The Bode plots are shown in Fig. 439. They clearly show a second order high-pass character of the integrator with a high-pass cut-off frequency of \(1\)kHz. This is exactly as designed. The uncompensated amplifier shows a large peaking in the vicinity of the high-pass cut-off frequency.

Fig. 439 Magnitude plots of the uncompensated and the compensated charge amplifier with negative feedback biasing.

Fig. 440 Poles of the gain of the charge amplifier as a function of \(C_c\) (25pF per step).
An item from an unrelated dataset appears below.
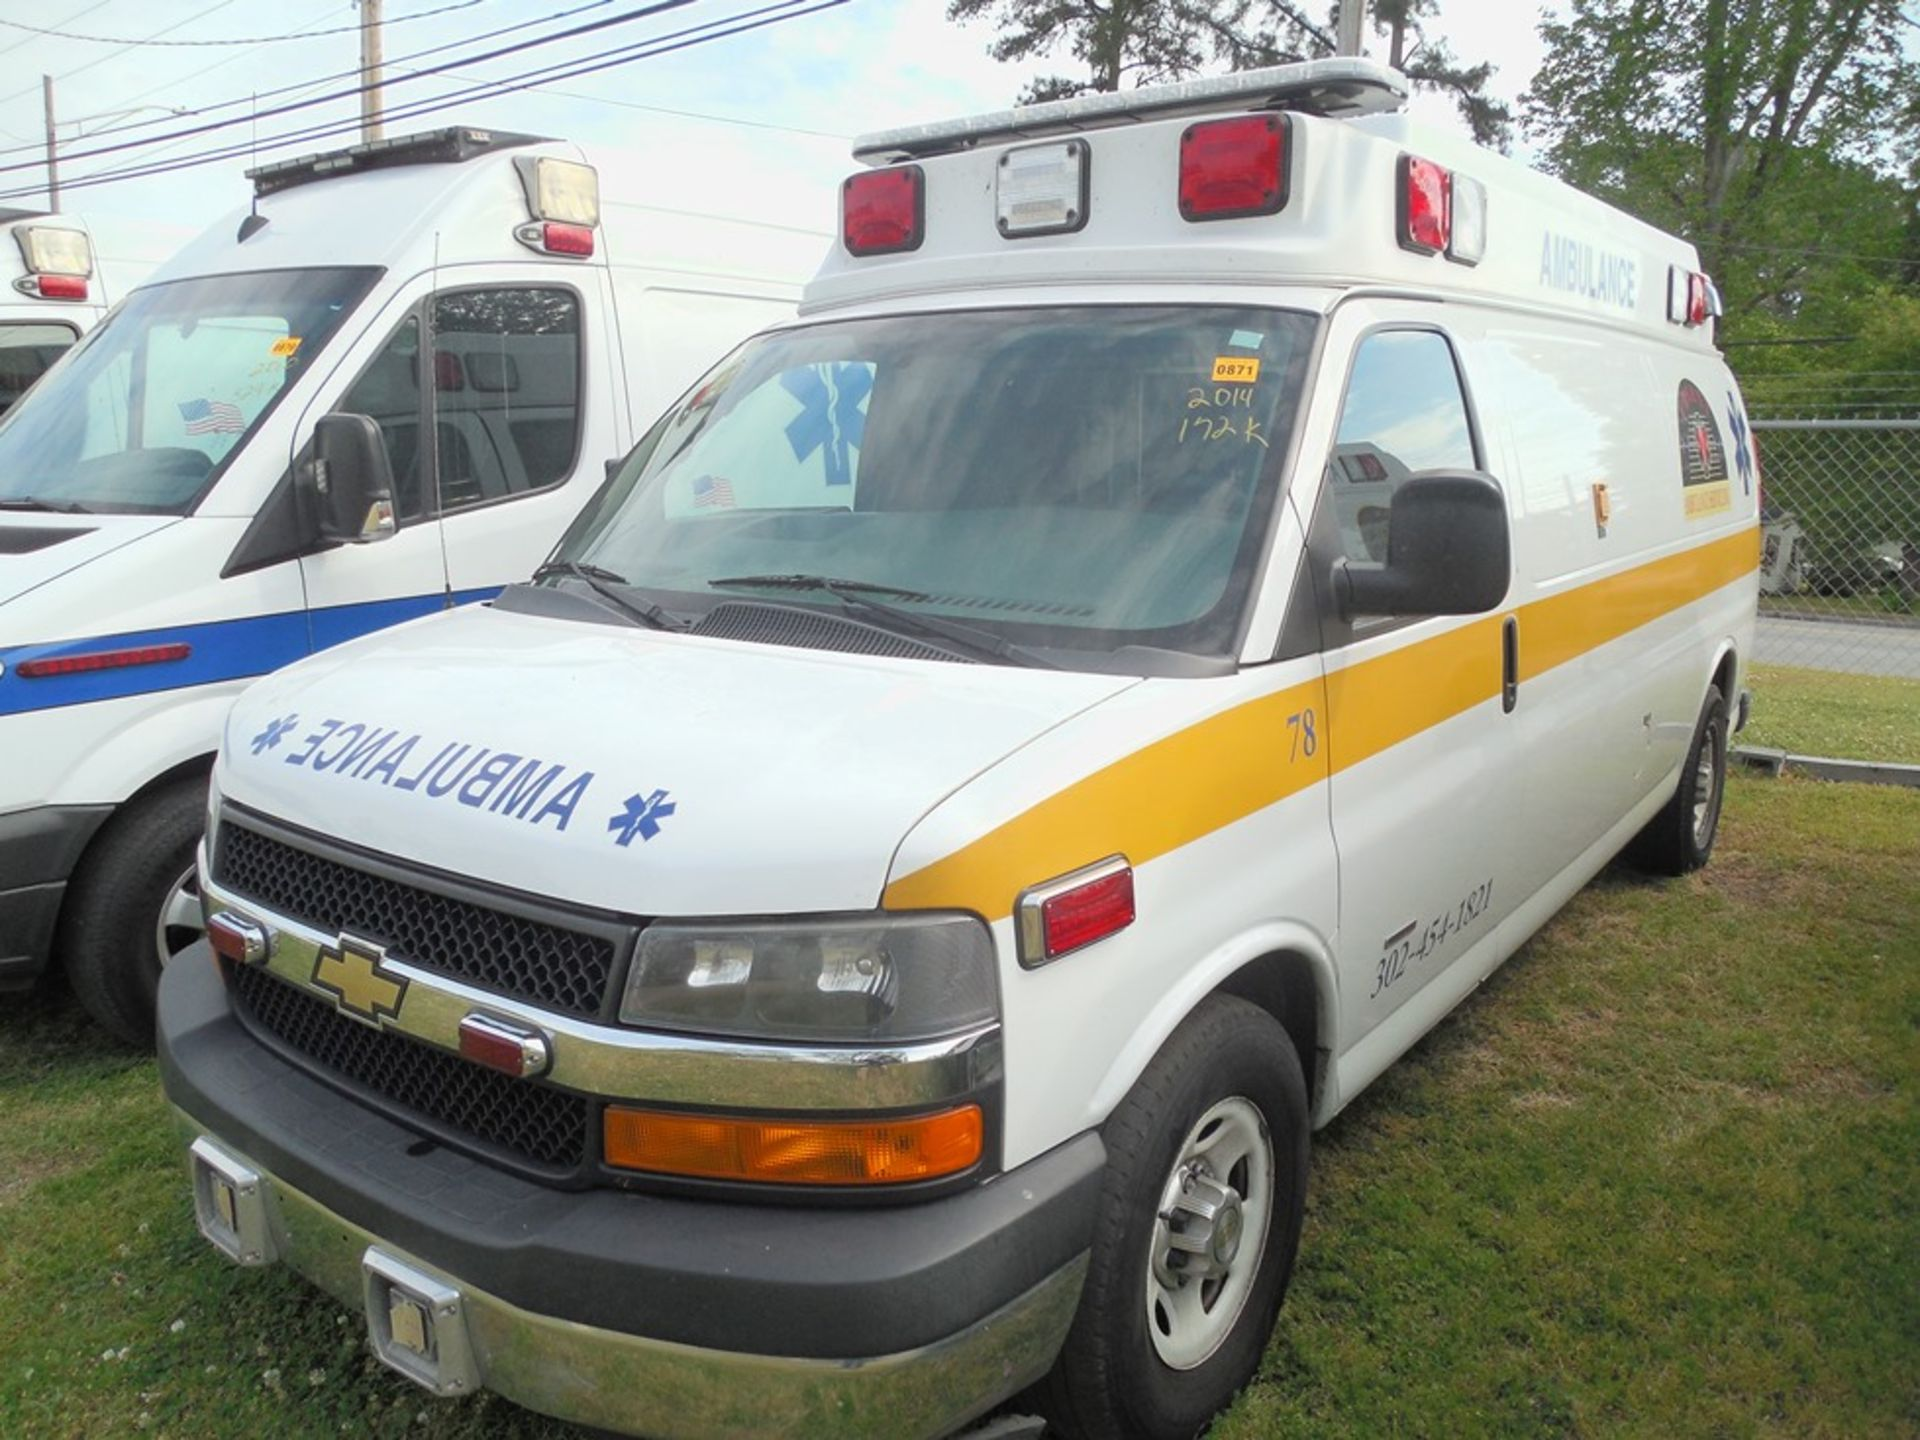 2014 Chev van ambulance dsl, 172,472 miles, vin# 1GBZGUC19E1162022 - Image 2 of 6

Fig. 440 shows that the two poles of the uncompensated amplifier, that determine the high-pass behavior are almost located on the imaginary axis. This confirms the peaking in the magnitude characteristic and is according to the calculations from the previous example. Fig. 440 also shows that phantom zero compensation with \(225\)pF brings the poles into MFM positions. The magnitude characteristic of the compensated amplifier shows a smooth transition from a differentiator below \(1\)kHz to an integrator above \(1\)kHz.